I think my favorite Guy Tai activity so far was a Chinese cooking class we did with chef Helen Liu. Now that I live in China, I find Chinese cooking to be somewhat of a mystery, and nothing like that which passes for the cuisine in the States. In my observations, the Chinese use vegetables more as a main dish than a side dish, which is a good thing. They also eat a lot of pork, as well as pretty much every part of a chicken, including the feet, which are considered a delicacy. The sauces tend to be much lighter than in the U.S., and less sweet and salty (no MSG), but full of flavor and delicious. I’ve been working on my sauces and hoped the class would help me perfect them.
About eight Guy Tais attended the private class, which is run through Cook in Shanghai, a cooking and event company run by Chef Liu (cookinshanghai.com). Normally, they hold the class at their commercial kitchen in Puxi but, because we were a small group, it was held in Chef Liu’s home kitchen, which was pretty cool. We started the morning at the wet market, where we got the ingredients for the dishes we would cook later. Then we set about cooking Chinese dishes like Hot and Sour Soup, Mapo Tofu, Black Sesame Dumplings, Sichuan Peppercorn Chicken, and Bok Choy with Braised Shiitake Sauce. We each chose a dish (I had spicy Mapo Tofu) and, under Chef Liu’s direction, did our best to recreate her wonderful recipes.
It was hard work, but Chef Liu is awesome to cook with. Halfway through the class someone broke out beer and wine and things got really fun. Along with Chinese cooking techniques, we learned about Chinese cuisine and its role in the culture, as well as how to drink tea in China. It was a lot of fun cooking, eating, and drinking with Chef Liu and the Guy Tais.

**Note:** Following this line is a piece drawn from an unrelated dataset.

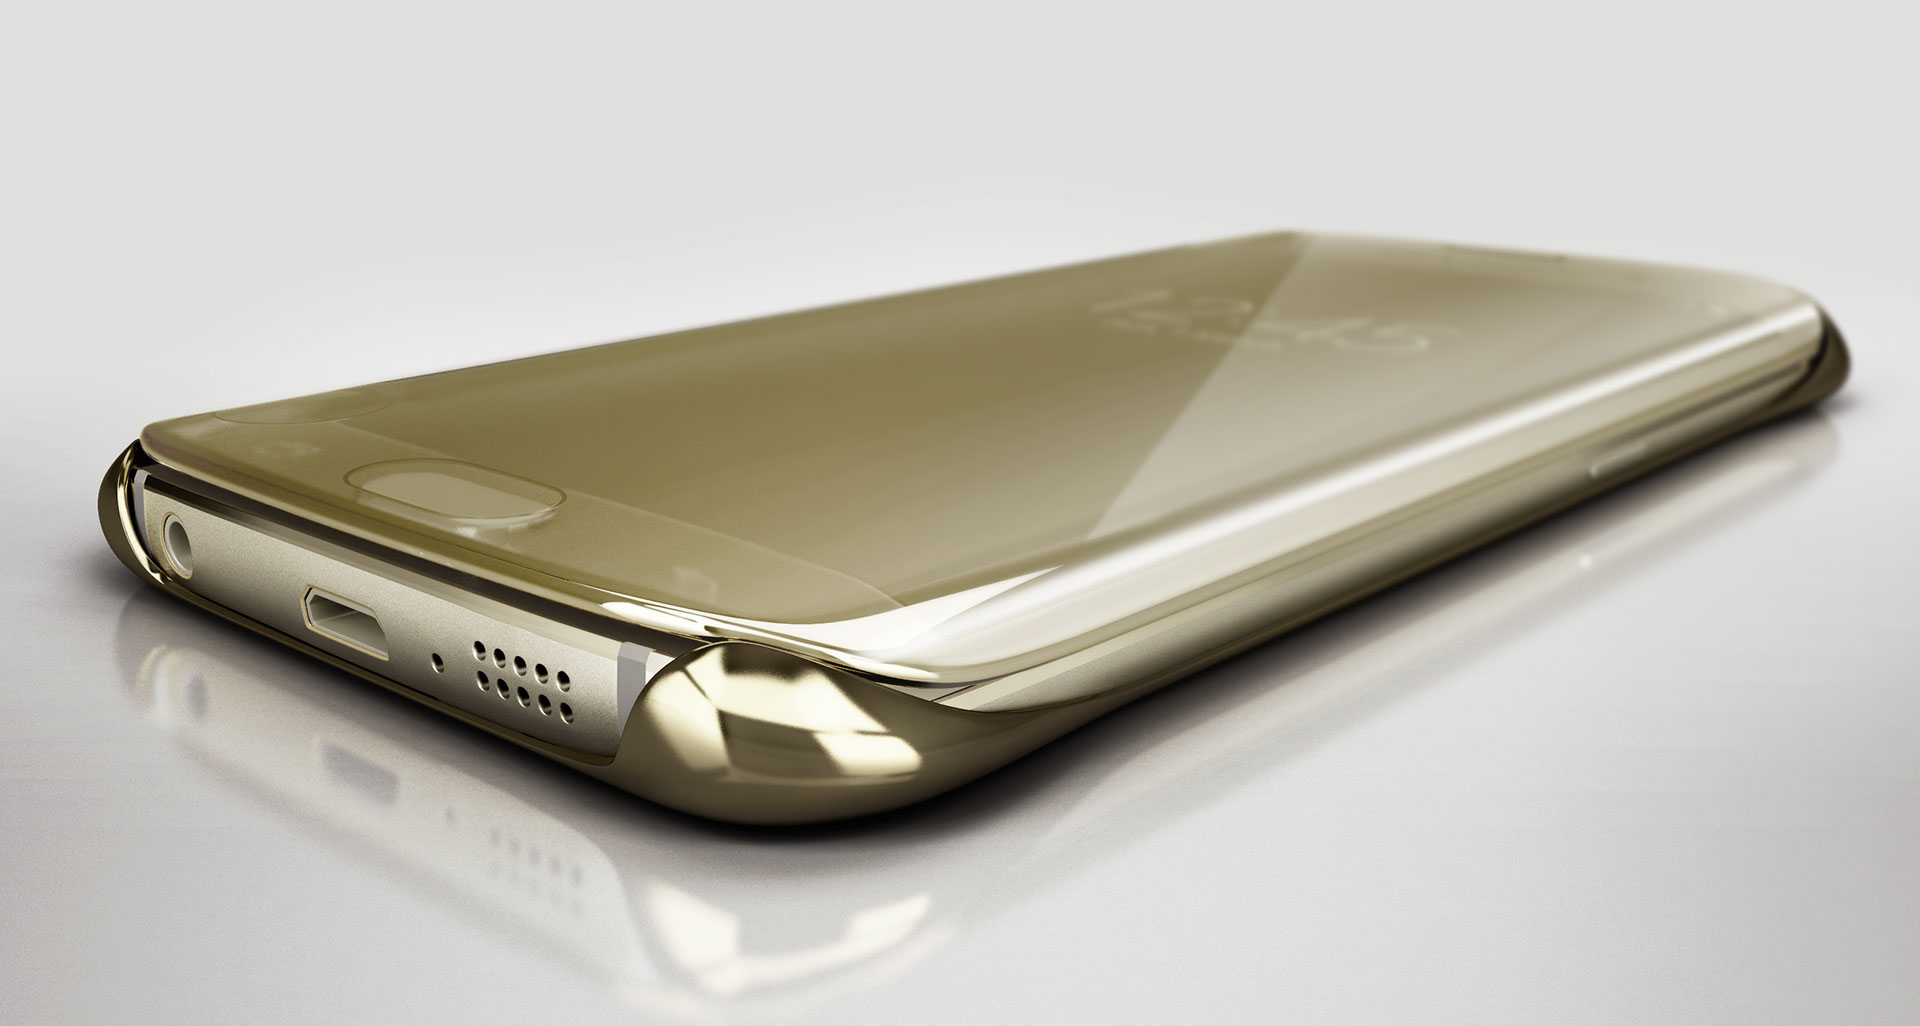 سامسونگ در تیزر جدیدش شبحی از Galaxy S6 Edge پلاس و یک غریبه را نشان داد - تکفارس 

One last thing to say about the Guy Tais is that membership in it is constantly changing as the working spouse’s assignment comes to an end and the family returns to its home, or moves on to a new expat adventure. It’s a dynamic that keeps the organization fresh with new members, even as old friends leave. It’s also a dynamic we as an expat family in Shanghai are starting to experience.
One of Stephanie’s good friends here, Audrey and her family are moving back to Michigan this summer for good. Stephanie is sad about it and is going to miss her. The flip side of this dynamic is that it means somebody new is going to come to backfill that job, and they will bring their family with them. So to Stephanie, the only good news about her friend moving back to the States is that she will most likely make some new friends this Fall. Well, that and we now have Audrey’s sweet trampoline in our backyard.